Saint Elizabeth of the Trinity reminds us that “we are never alone” in our life, even when we feel we are. Why? Because God the Father, God the Son, and God the Holy Spirit dwell in our souls by grace, which is why it is so important to remain in the state of grace and avoid mortal sin at all costs, especially in the area of purity; but if we fall into mortal sin, to go to the Sacrament of Confession as soon as possible. She reminds us that we need to daily ask God for the grace to be more recollected in our thoughts, to never forget our loving God dwelling in “the inner cell” of our being. May we always call to mind His holy presence throughout our days in this earthly life.
We need to view our call to serve God in light of these important truths: the present world is passing away and He is always with us on our journey. What a difference it makes when we concretely realize this truth in daily life regardless of our vocation, be it to the ordained priesthood, religious life, married life, or the single life. It is in light of that we see the call of God to Samuel to be a prophet and of Jesus to the first Apostles to come and follow Him.
We are all called in a personal way by God to a vocation of holiness.
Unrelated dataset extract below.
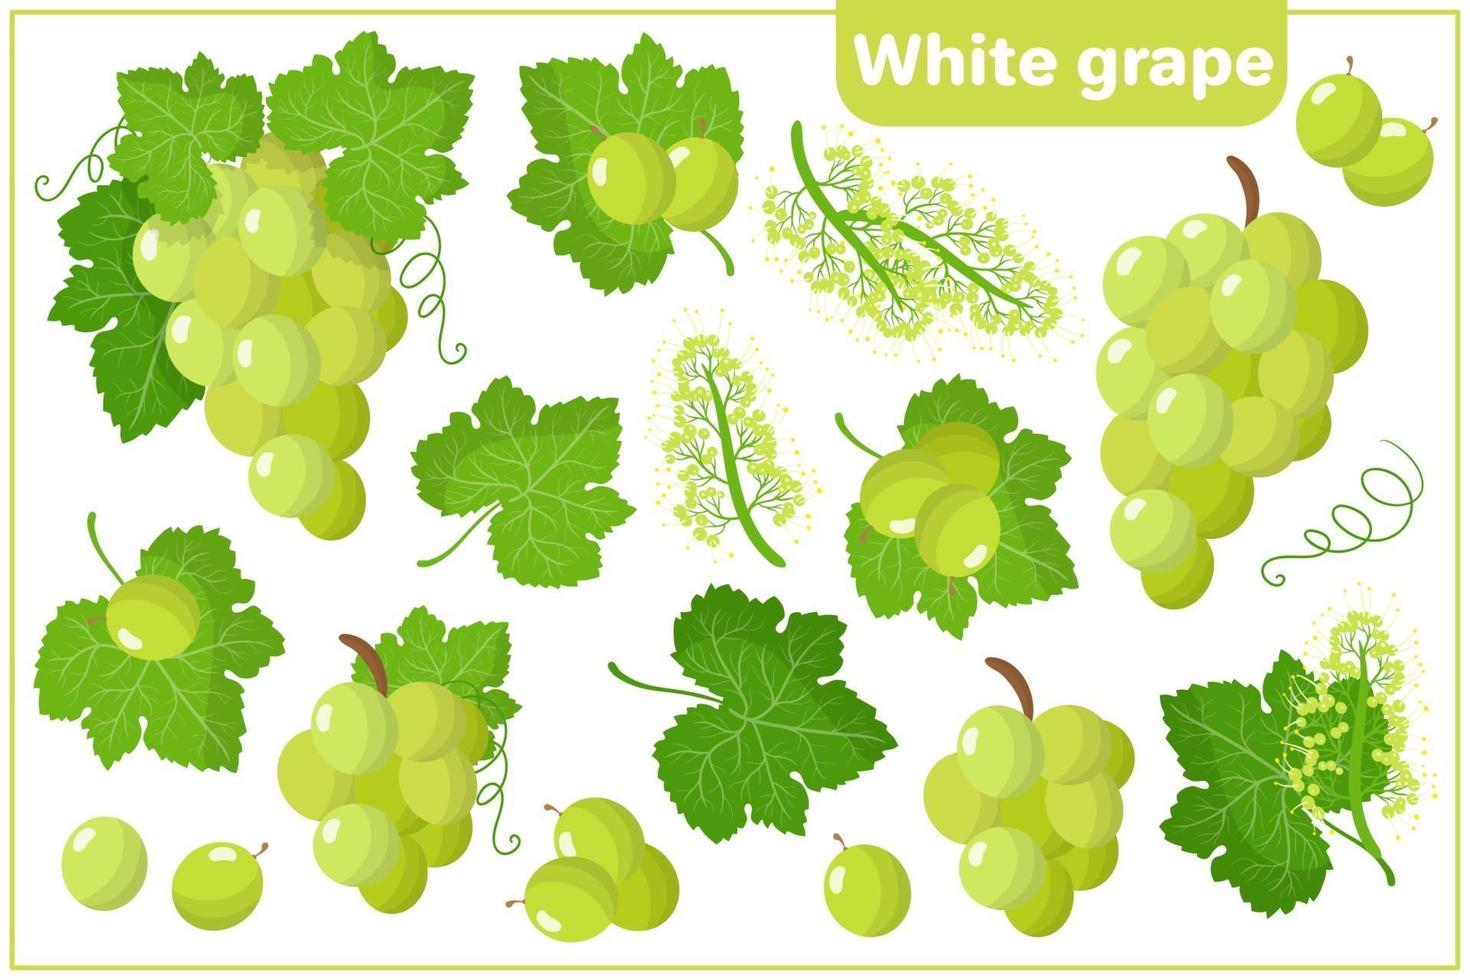 serie di illustrazioni vettoriali di cartone animato con frutta esotica uva bianca isolato su priorità bassa bianca

We will see this on Friday when hundreds of thousands of good people will march in Washington, D.C., in the cold, to show their concern about human life, particularly the life of the pre-born children who in our culture are not everywhere protected from destruction, especially here in Pennsylvania. May we all daily pray and offer acts of penance, in reparation and sacrificial love to God, to counter the evil of abortion with the witness of God’s goodness who brings every human life into existence at conception, and also remind people of God’s healing forgiveness if they were in any way involved in abortion in the past, especially in Confession.
Finally, the Gospel reminds us that we also need to daily pray for and encourage vocations to the ordained priesthood. As we all know we are getting very shorthanded when it comes to priests in many places including our own diocese. Right now, we have no seminarians!! A call to the ordained priesthood is a special calling from God, but He wants us human beings to help in this process.
As I mentioned before, years ago young men from devout Catholic families were often pressured into going into the seminary since the priesthood was held in such high esteem among many of the faithful. In retrospect, it wasn’t the best way to go about things, and led to some major problems both for the individual priests and for the parishes in which they served.
Now it is almost the opposite. Very few Catholic families encourage their sons to consider the priesthood, and then support them generously if they are interested. The ordained priesthood is a beautiful and noble life if you are truly called to it.
Let’s encourage and daily pray that the Lord of the Harvest invites many young men to serve him as priests, to guide us spiritually, and give us His life in the Sacraments. And pray for all of us who are already priests that we will live out our vocations faithfully, with great generosity and self-giving love, in imitation of Jesus the Great High Priest and Victim for our sins. God bless you.
Father Rich Tomkosky is the Pastor of Saint Thomas the Apostle Parish in Bedford and the Pastor of Seven Dolors of the Blessed Virgin Mary Parish in Beans Cove.